Laser Raman spectroscopy is an optical technique which is capable of in situ molecular identification of solids, liquids and gases, and is well suited to extreme environments. It is a type of vibrational spectroscopy which is non-invasive and does not require reagents or consumables. A laser excites a target, and the spectrum of the energy-shifted, back-scattered radiation serves as a "fingerprint" - providing compositional and structural information. Raman scattering is a weak effect - only 1 in 10⁸ photons is Raman scattered - but it benefits in the deep ocean from the lack of ambient light. The development of a sea-going Raman system capable of deployment on an ocean observatory will allow in situ analyses of dissolved gases in vent fluids at hydrothermal vent and other seafloor seep sites. Gases of interest at hydrothermal and cold seep sites include carbon dioxide (CO₂), methane (CH₄) and higher hydrocarbons, and hydrogen sulfide (H₂S). These gases are all Raman active and have distinct Raman signatures. For example, CO₂ is characterized by a Fermi diad at ~1285 & ~1388 Deltacm^-1 . However, the aqueous band positions are broadened and shifted from the gas-phase band positions.

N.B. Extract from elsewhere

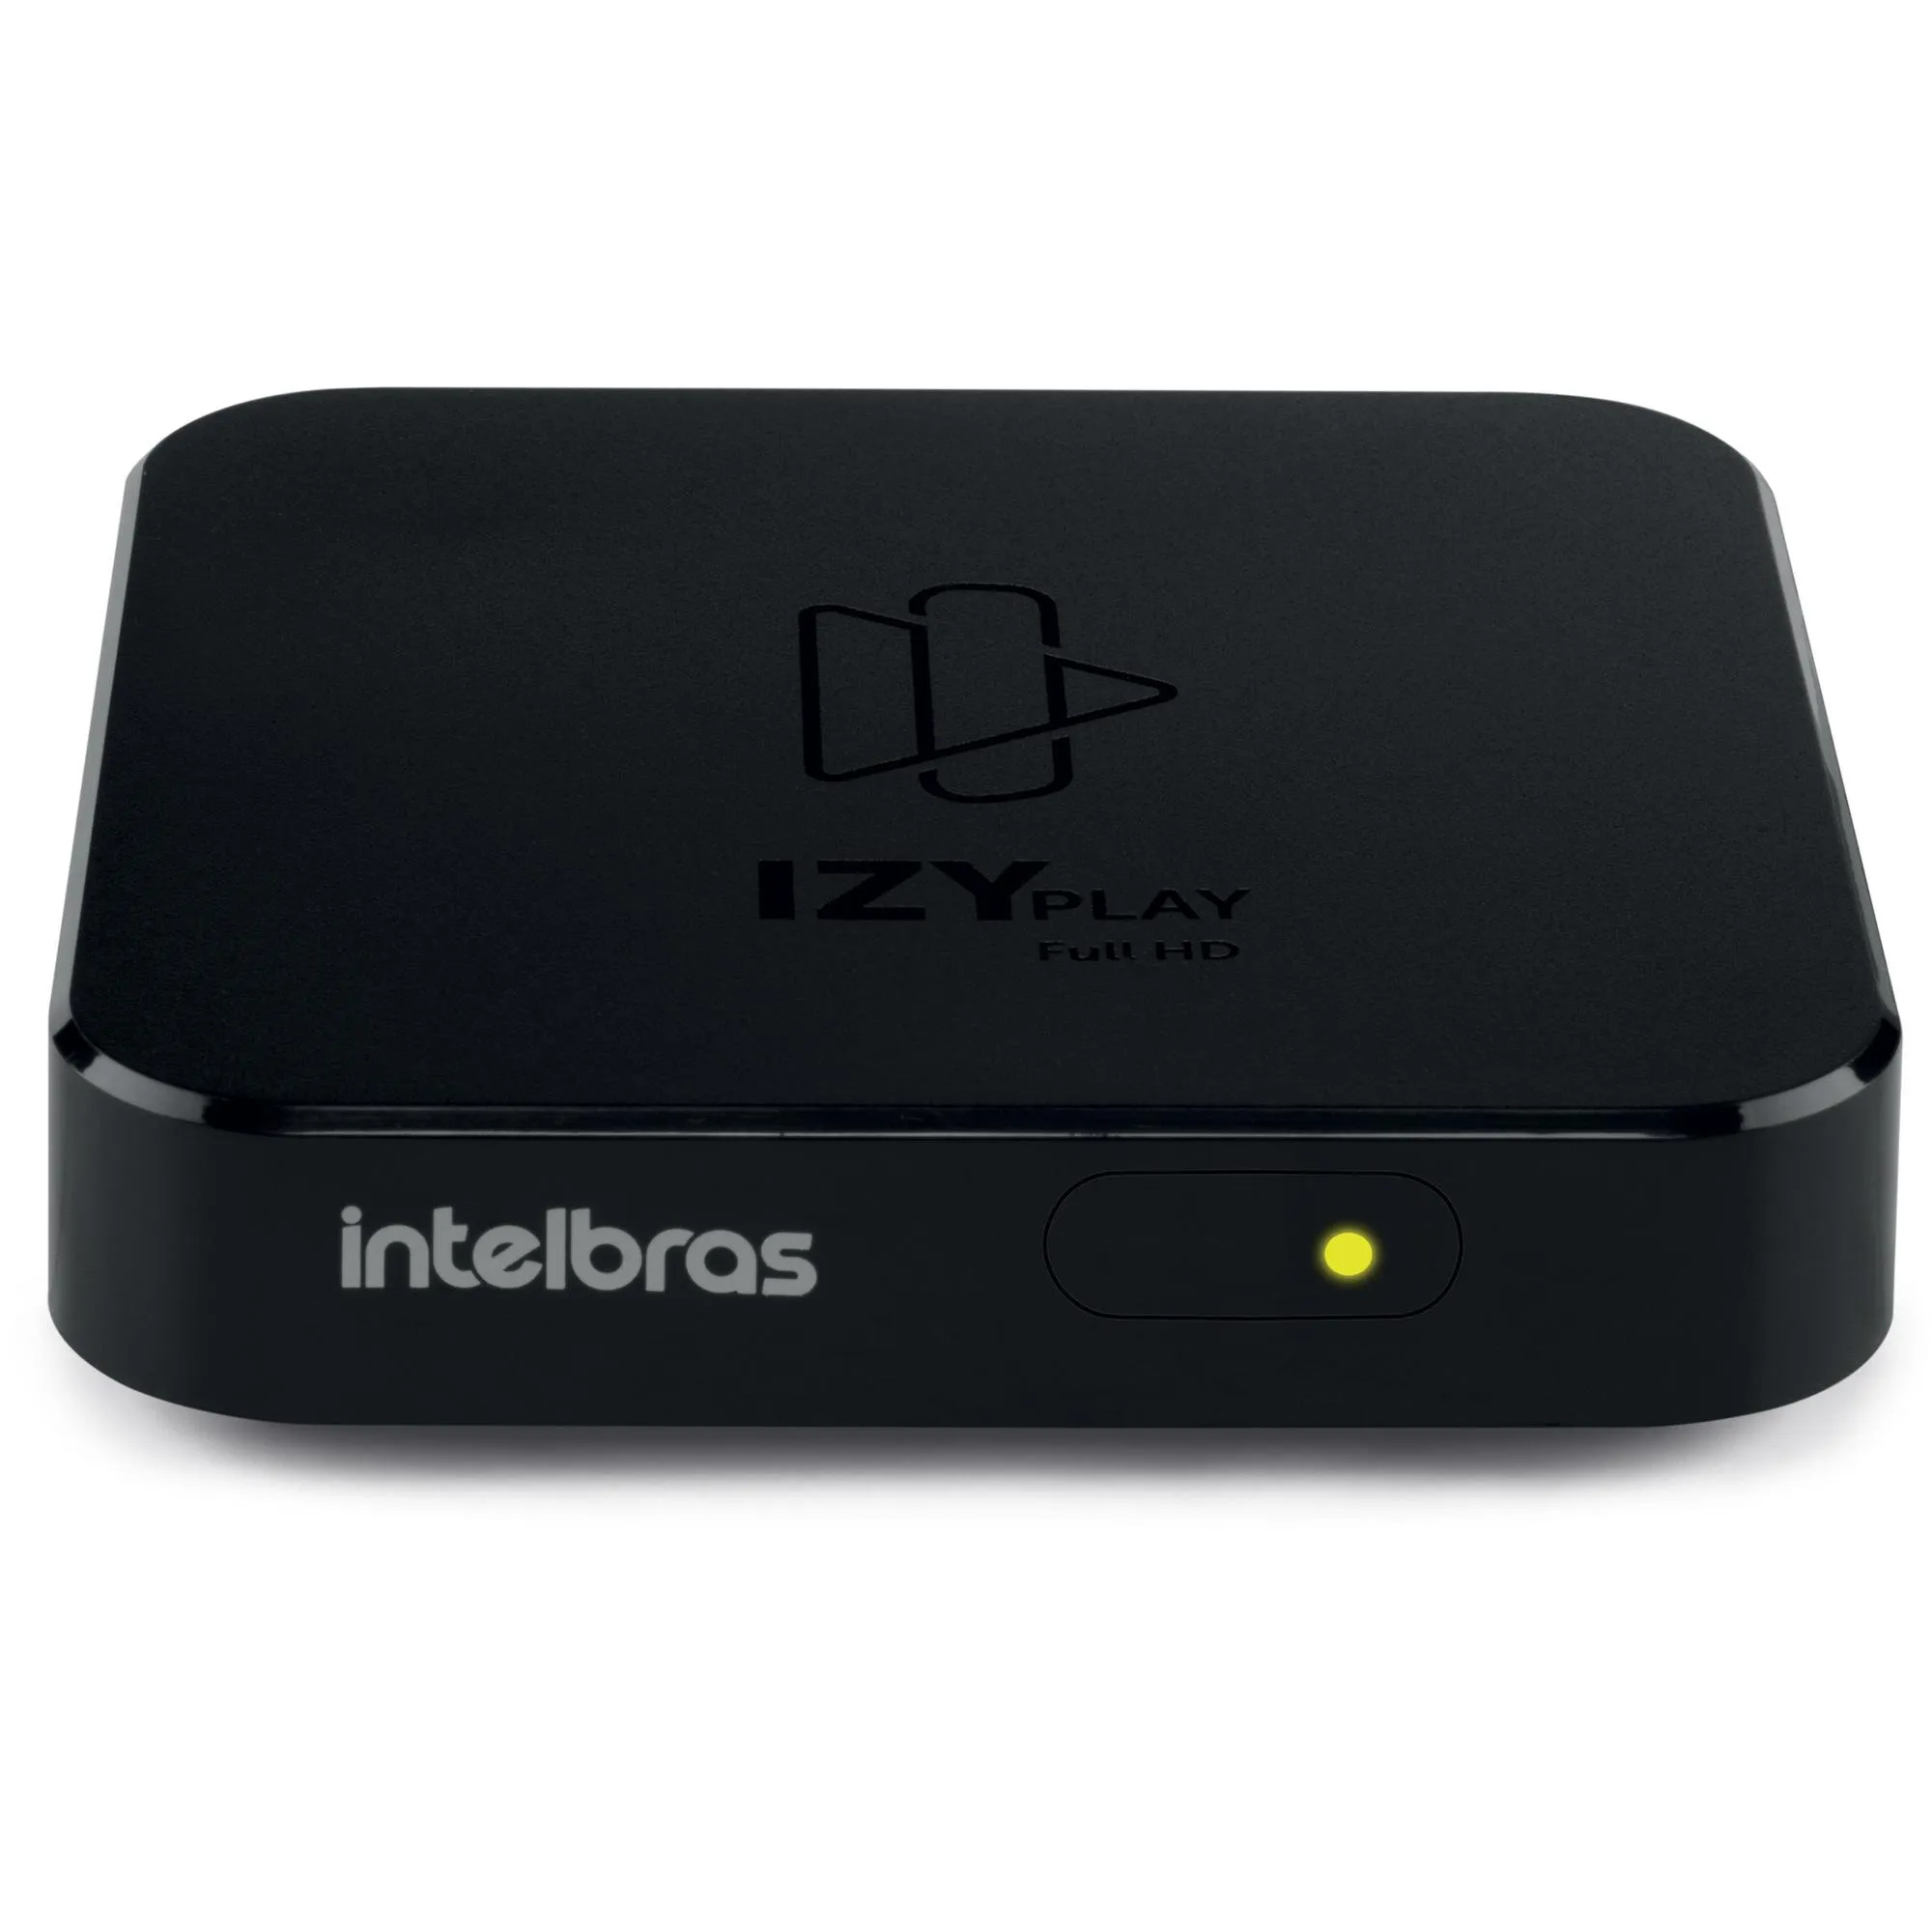 SMART BOX ANDROID INTELBRAS TV IZY PLAY (78868)

In addition to identifying gases by band positions, concentrations of dissolved gases can be inferred by the relative height of their Raman bands. Extracting this type of quantitative information from Raman spectra requires the use of a ratio technique as described by Wopenka and Pasteris [1987]. In this work the gas bands are compared to the water stretching band (~3435 Deltacm^-1 ). Although the position and intensity of some of the water bands are affected by temperature, the 3435 band height is relatively stable.